From Sigmund Freud to Jean Piaget, psychologists have long believed that we begin life as amoral animals. After all, isn't it the role of society—and especially parents—to transform babies from little psychopaths into civilized beings who can experience empathy and shame, and override selfish impulses? In Just Babies, Paul Bloom argues that humans are in fact hardwired with a sense of morality. Drawing upon years of original research at Yale, he shows that babies and toddlers can judge the goodness and badness of others' actions; that they act to soothe those in distress; and that they feel guilt, shame, pride, and righteous anger.
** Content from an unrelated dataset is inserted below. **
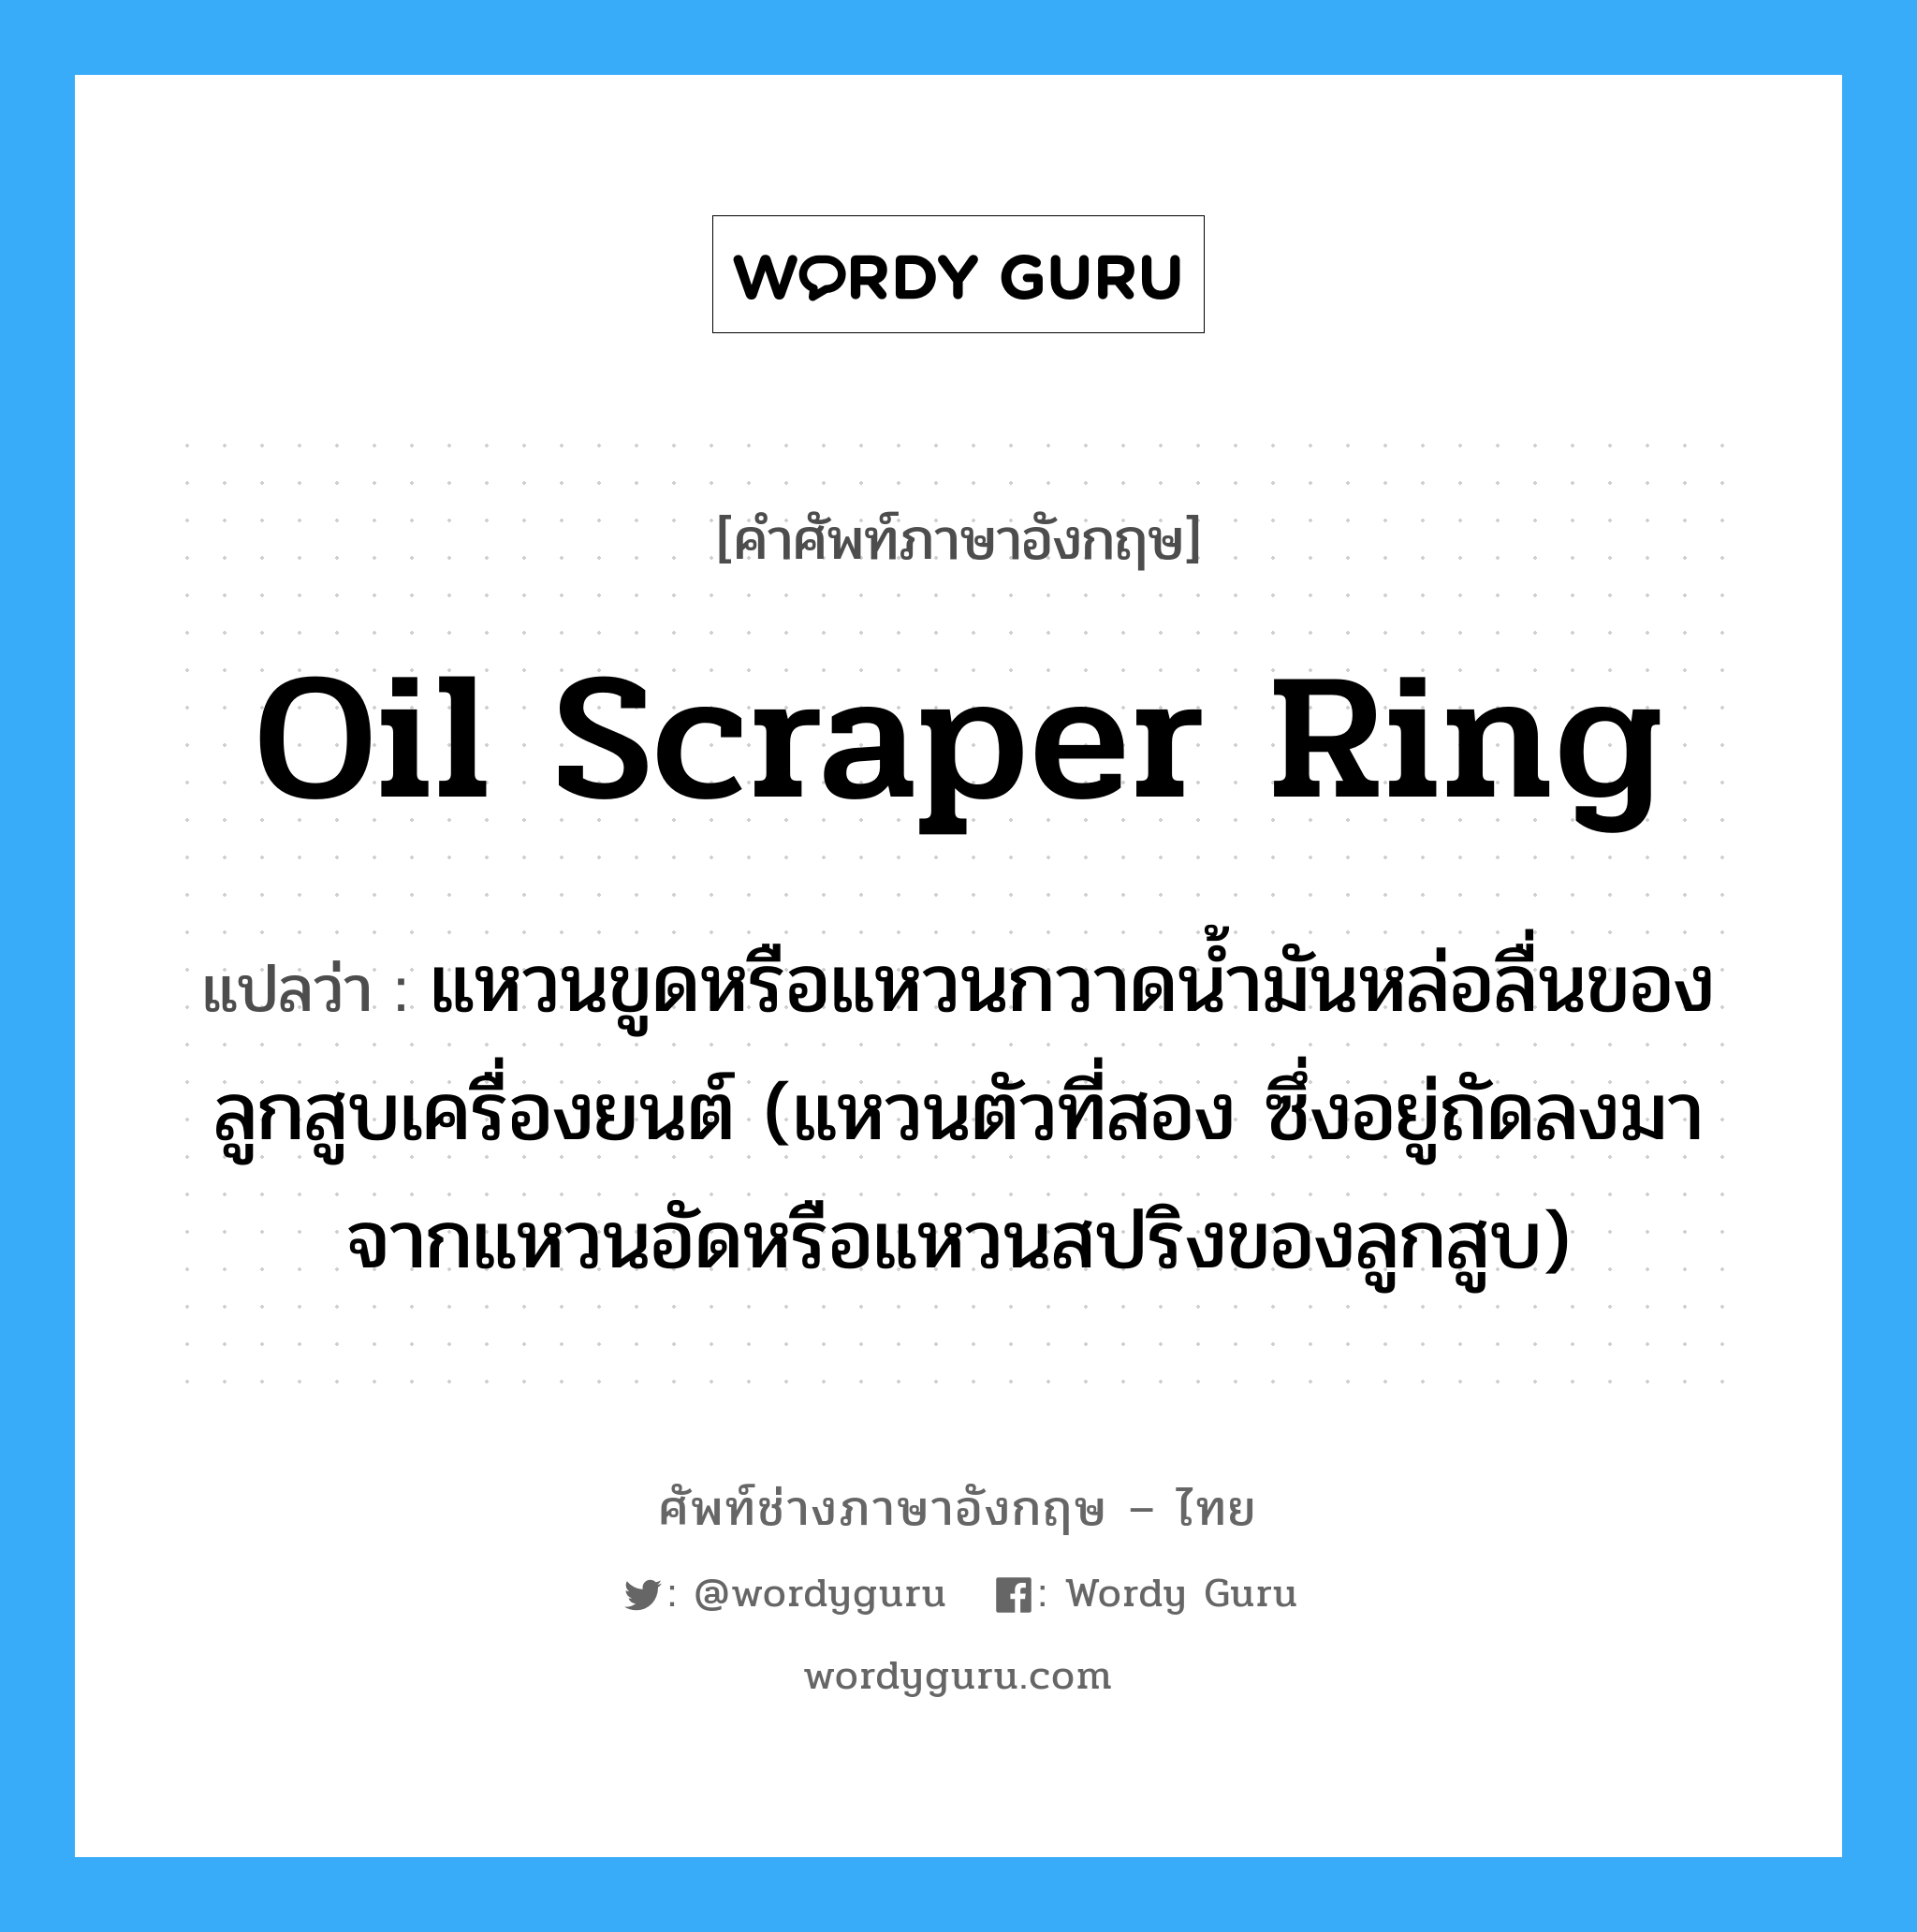 oil scraper ring แปลว่า?, คำศัพท์ช่างภาษาอังกฤษ - ไทย oil scraper ring คำศัพท์ภาษาอังกฤษ oil scraper ring แปลว่า แหวนขูดหรือแหวนกวาดน้ำมันหล่อลื่นของลูกสูบเครื่องยนต์ (แหวนตัวที่สอง ซึ่งอยู่ถัดลงมาจากแหวนอัดหรือแหวนสปริงของลูกสูบ)

Yet this innate morality is tragically limited. Our natural morality extends toward those in our own group, but this is offset by ingrained dislike, even hatred, of those in different groups. Put simply, we are natural-born bigots. Vivid and intellectually probing, Just Babies argues that it's only through our uniquely human capacity for reason that we can transcend the primitive sense of morality we are born with. This erudite yet accessible book will captivate readers of Steven Pinker, Philip Zimbardo, and Robert Wright.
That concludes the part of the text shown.